2 of 2 people found the following review helpful:
4.0 out of 5 stars
Of Leprechauns, paranoia and dark amnesia,
By
This review is from: The Deadly Percheron (Paperback)
John Franklin Bardin was born in 1916 and during his lifetime he wrote ten dark or noir crime novels. He refused to recognize any difference between genres, once stating his belief there are only good and bad novels. According to Jonathan Lethem, who wrote a thoughtful and lengthy foreword to this edition, Bardin once said that Graham Green, Henry Green and Henry James were influential on his writing. The novel, Bardin's first, was published in 1946 and it is a very interesting noir novel indeed.

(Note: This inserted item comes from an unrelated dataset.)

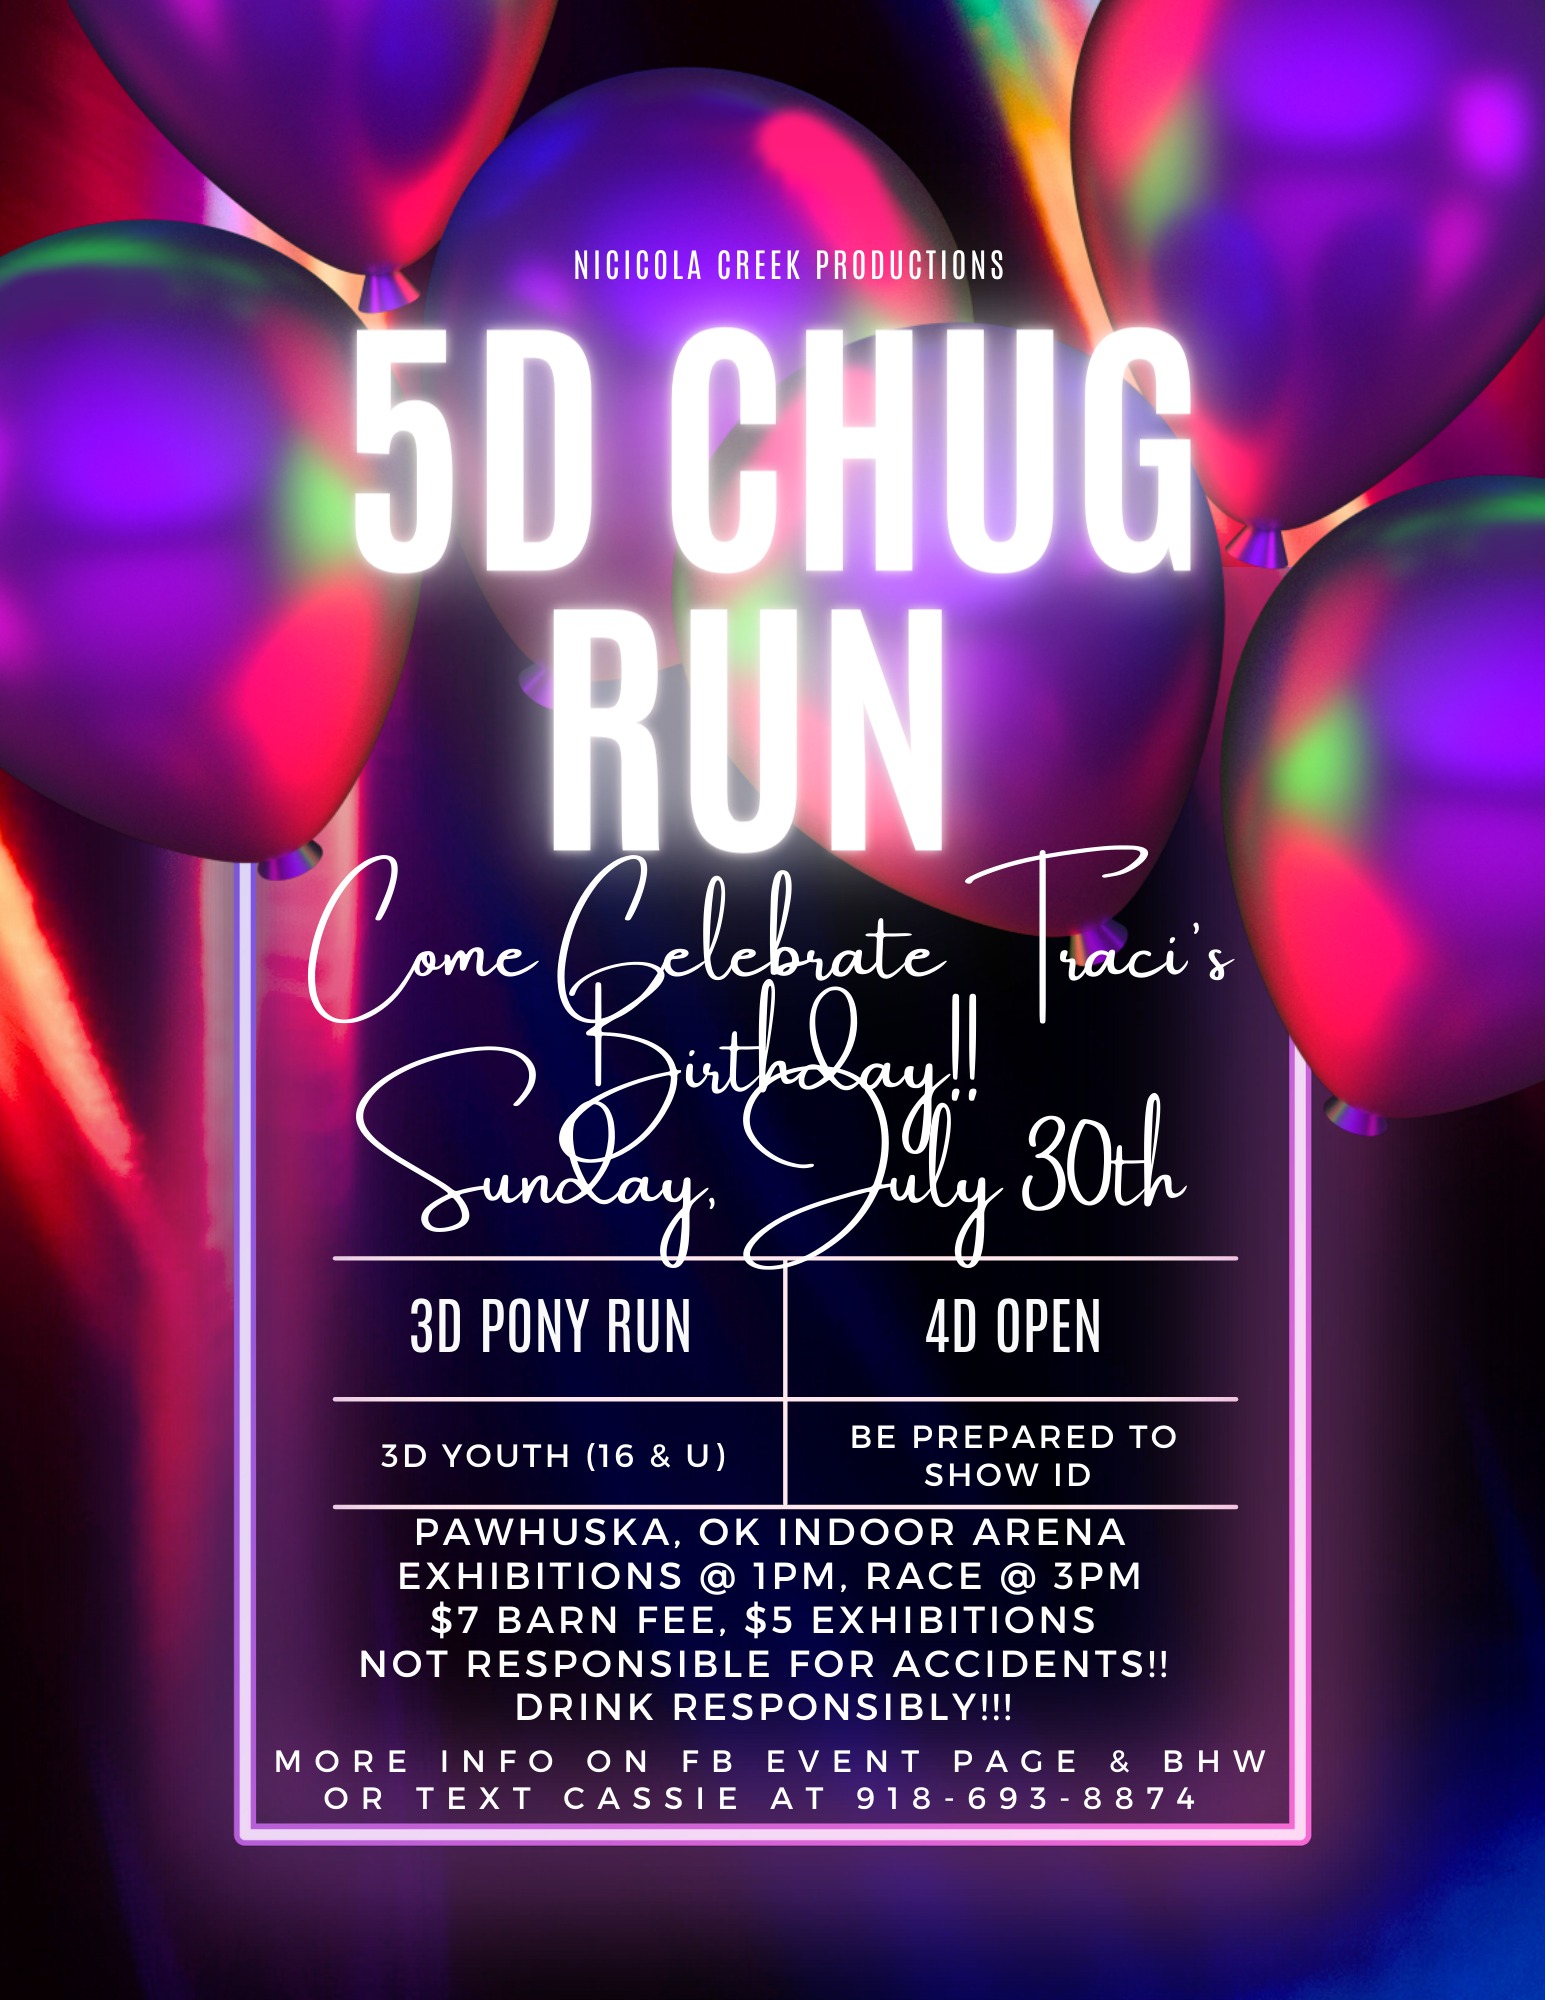 5D Chug Run
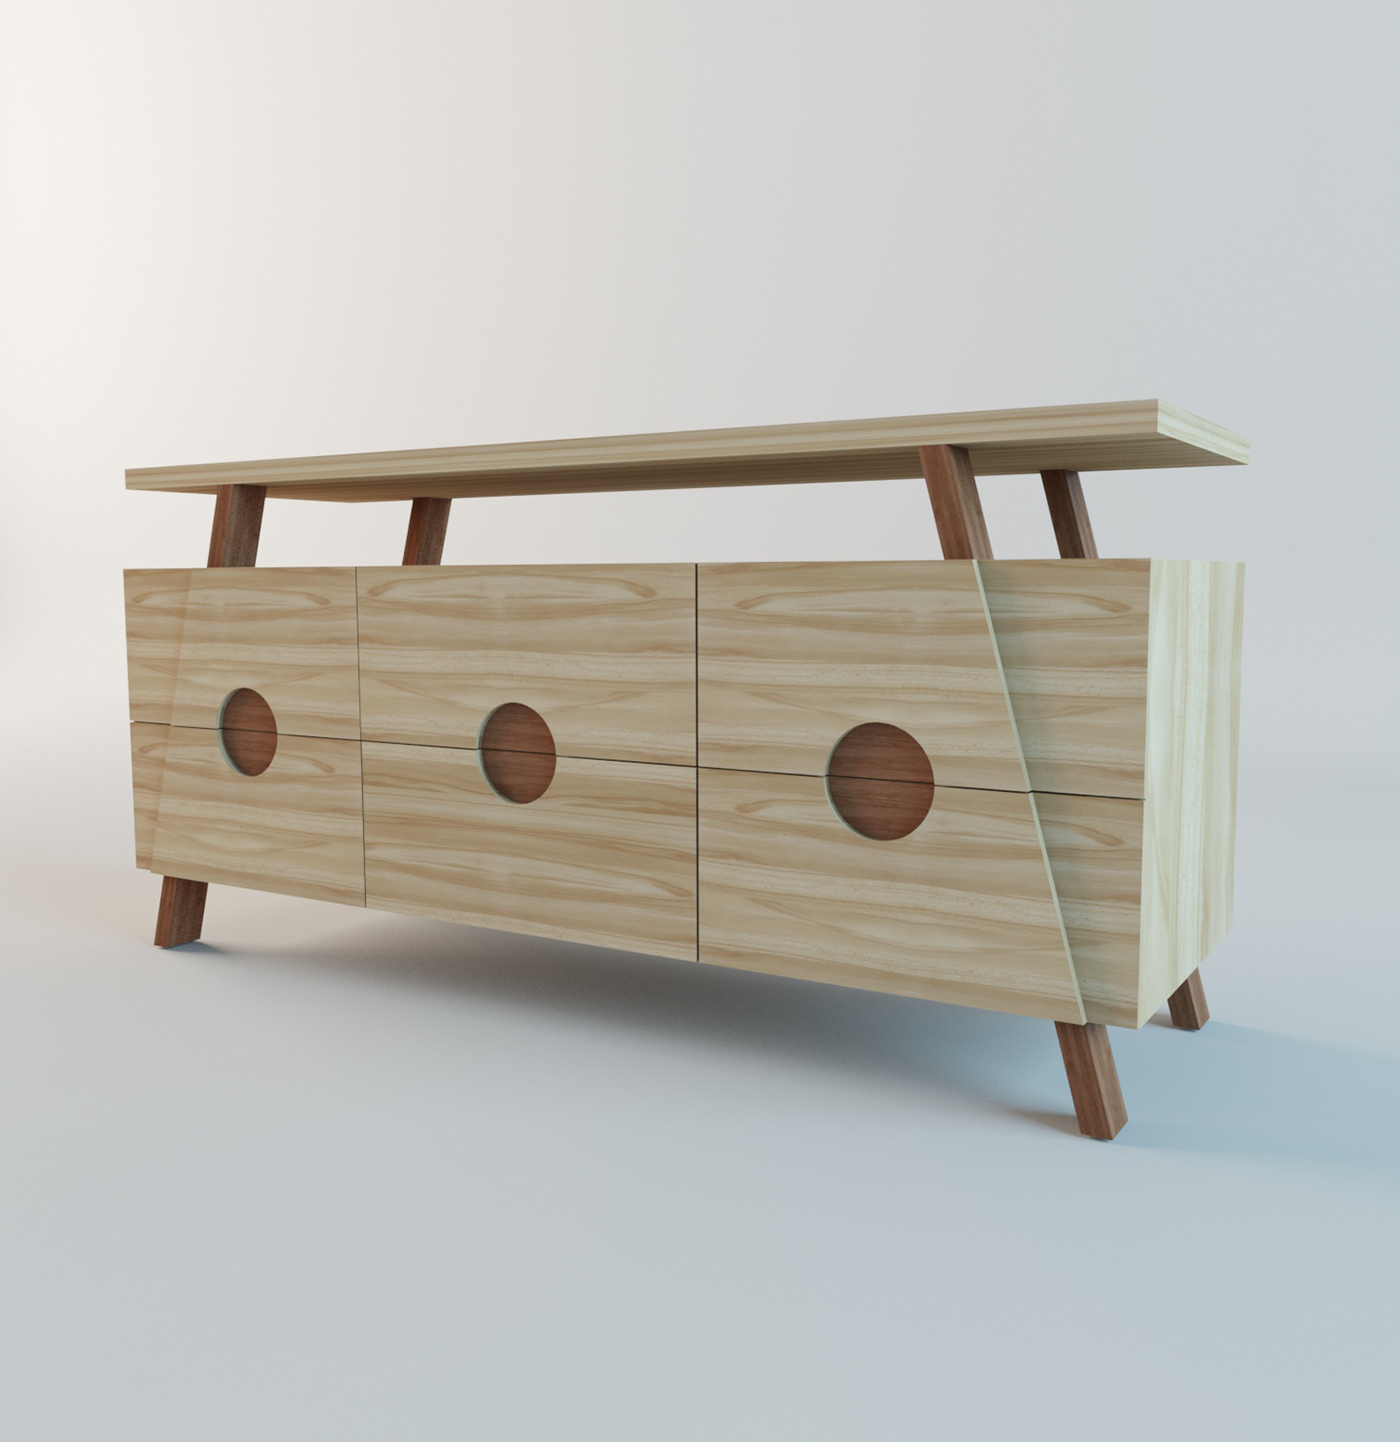 architecture furniture interior design  wood

Amnesia and paranoia are the subjects and the characters, all unusual and distinct, sustain a complicated and bizarre plot through an abrupt but eminently satisfying conclusion. This is by no means a perfect novel, and the sixty-year-old style is sometimes disturbingly devoid of emotion. Shocking action is abruptly presented and just as abruptly disposed of. There is a fairly lengthy center section in which the amnesiac who is the protagonist, is established in his new and very much lower class life on Coney Island. Dr. George Matthews, a prominent psychologist, with a practice in midtown, and a comfortable upper class living, is confronted by a new client who arrives with a fresh hibiscus in his hair. For today's readers, especially those of us who lived through the seventies and eighties of the last century, that is nothing special, a man with a flower in his hair. In 1945, the sight was unusual to say the least. We sense something odd and a little off kilter about the good Dr. Matthews, almost from the very beginning. He appears to have more than passing interest in the burgeoning sexuality he observes around him and he seems to identify rather too strongly with his new patient, Jacob Blunt, the man who wears a hibiscus. Blunt reveals that while he is wealthy enough to afford the counseling service of Dr. Matthews, he is working for a couple of midtown leprechauns, not Irish, he assures the doctor, American leprechauns. What's more, he is really anxious to be told that he must be hallucinating, is withdrawing from reality, and the events he is witnessing and doing are not real. He is happily losing his mind, which is far better, he believes, than being trapped in the apparent lunacy of this strange alter world. The reader is rather suddenly brought up short when the doctor almost eagerly agrees to enter Mr. Blunt's world. From there we are drawn farther and farther into this weird world of murder, large horses, amnesia and paranoia. Events spiral at a relatively calm pace out of Dr. Matthews ken and out of his control, until the last section of the book in which a world a-tilt is set once more aright. Almost. This edition, from Millipede Press of Colorado, carries a striking cover painting by Salvador Dali.